The outstanding soured loans of 16 listed banks totaled 424 billion yuan ($68.8 billion) at the end of March, and 14 banks saw an increase in bad loans, with newly added non-performing loans, or NPLs, reaching 22.2 billion yuan from January to March.

The financial results showed that 10 out of 16 listed banks witnessed a rise in both outstanding NPLs and NPL ratios. Among them, China Citic Bank reported the biggest jump in its bad-loan ratio, which went up by 0.14 percentage point from three months earlier.

Only two lenders reported a decline in both bad loans and NPL ratios.

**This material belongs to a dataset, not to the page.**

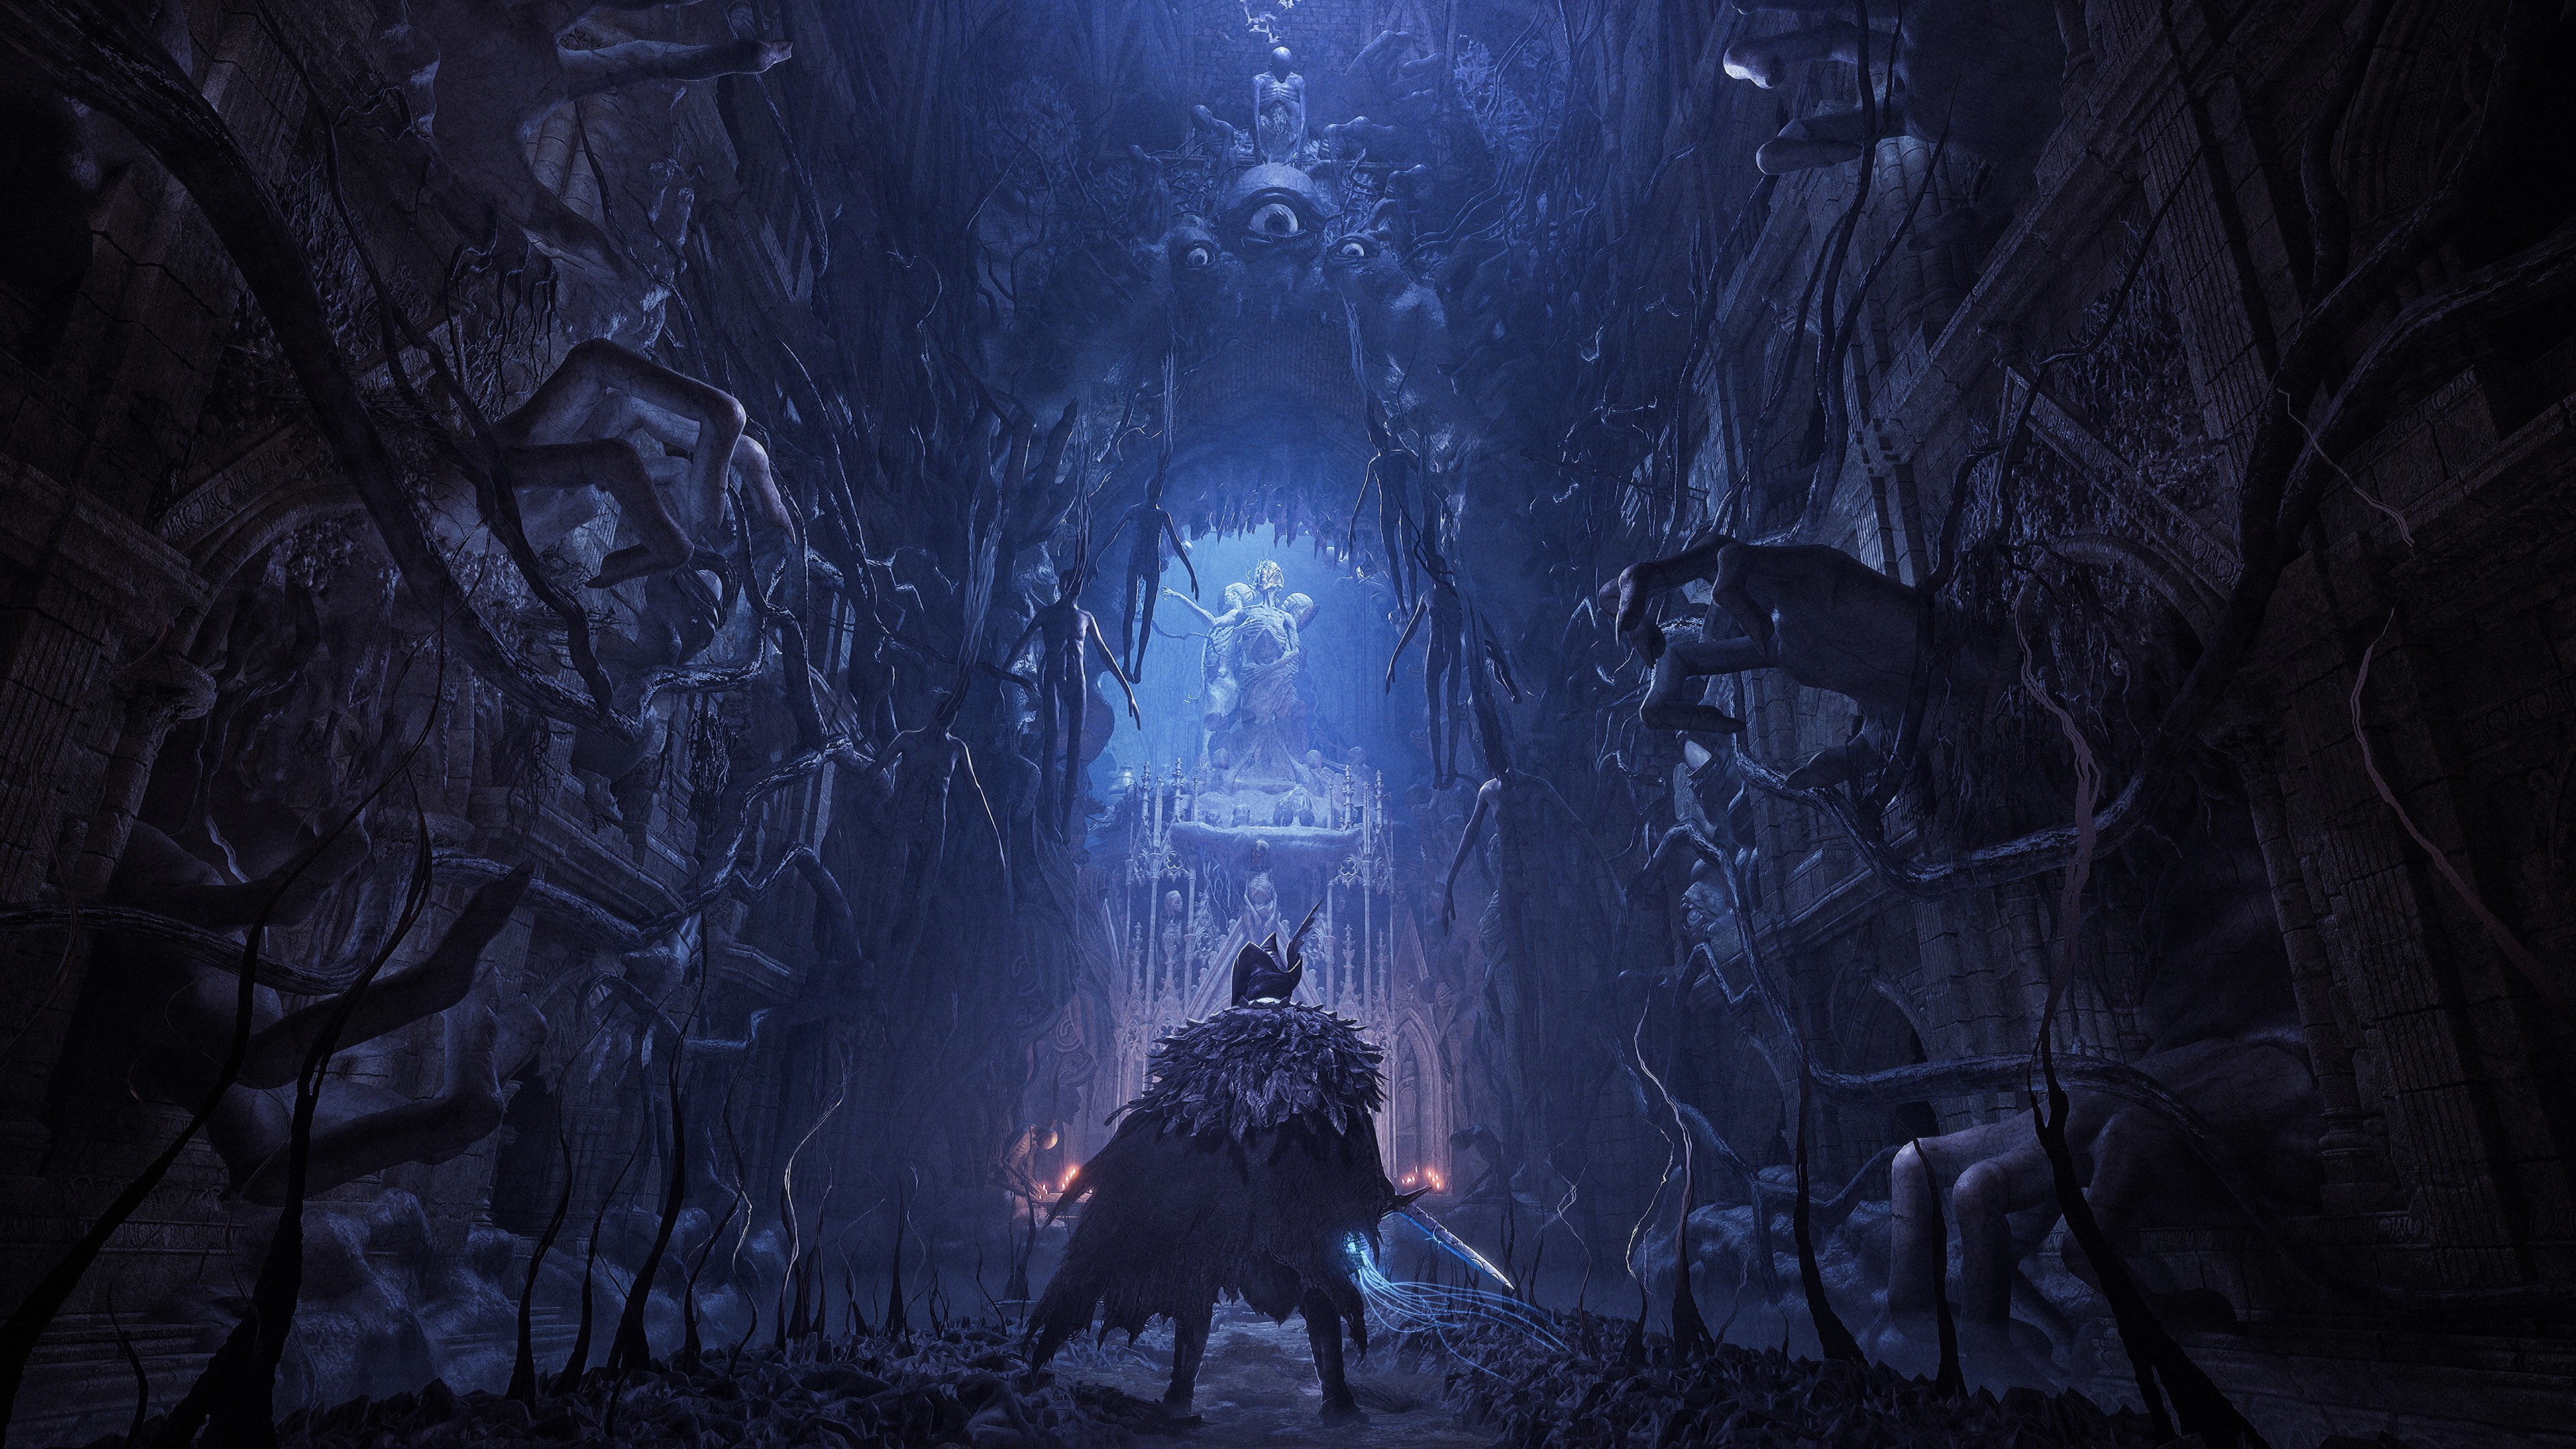 Lords Of The Fallen (2023) + Pre-Order Bonus DLC CN Steam CD Key

Agricultural Bank of China's bad loans fell by 165 million yuan from the end of 2012, taking up 1.27 percent of the total loans, while those of the Bank of Beijing dropped by 130 million yuan, accounting for 0.54 of total loans.

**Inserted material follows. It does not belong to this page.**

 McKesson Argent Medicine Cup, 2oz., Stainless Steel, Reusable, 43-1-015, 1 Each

"The rise in non-performing loans was mainly because the economic growth seems to still lack momentum, and the less optimistic scenario has affected companies' operations, which led to more defaults," said Guo Tianyong, director of the Research Center of the Chinese Banking Industry at the Central University of Finance and Economics.

He said the scale of the increase in bad loans is still mild and may decrease in the following months as the economy stabilizes.

Meanwhile, the trend for more overdue loans — an indicator of future bad loans — also continued in the first three months of the year.

Bank of Communications, one of the five largest State-owned lenders, saw its overdue loans rise 12.4 percent from the end of 2012 to 40.7 billion yuan.

The bank's overdue loans with defaults of more than 90 days increased 25 percent to nearly 5.2 billion yuan.

Slower profit growth among banks also added to concerns over the worsening asset quality.

In the first quarter, the net profit growth of China Citic Bank, Ping An Bank, Agricultural Bank of China and Bank of China all fell to below 10 percent.

"More than 80 percent of the asset quality problems are related to small and medium enterprises concentrated in the Yangtze River Delta, which was the hardest-hit region by this round of economic restructuring," Minsheng Bank said in its first-quarter results.

Minsheng's NPL ratio for the SME sector jumped by 86 basis points at the end of 2012 from six months earlier.

Last month, Standard & Poor's warned that China has to fend off rising bad loans after keeping recession at bay, amid media reports that Chinese lenders' NPL ratios increased in the first quarter to 0.99 percent.

China Business News reported in April that by the end of March, outstanding NPLs stood at 524.3 billion yuan, up 20.7 percent year-on-year, from the beginning of the year, citing figures from the China Banking Regulatory Commission.

The amount of bad loans is likely to continue rising, the newspaper quoted Shang Fulin, chairman of the CBRC, as saying.

By the end of 2012, outstanding NPLs rose 64.7 billion yuan to 492.9 billion yuan compared with three months earlier, while the NPL ratio fell 0.01 percentage points to 0.95 percent, according to CBRC data.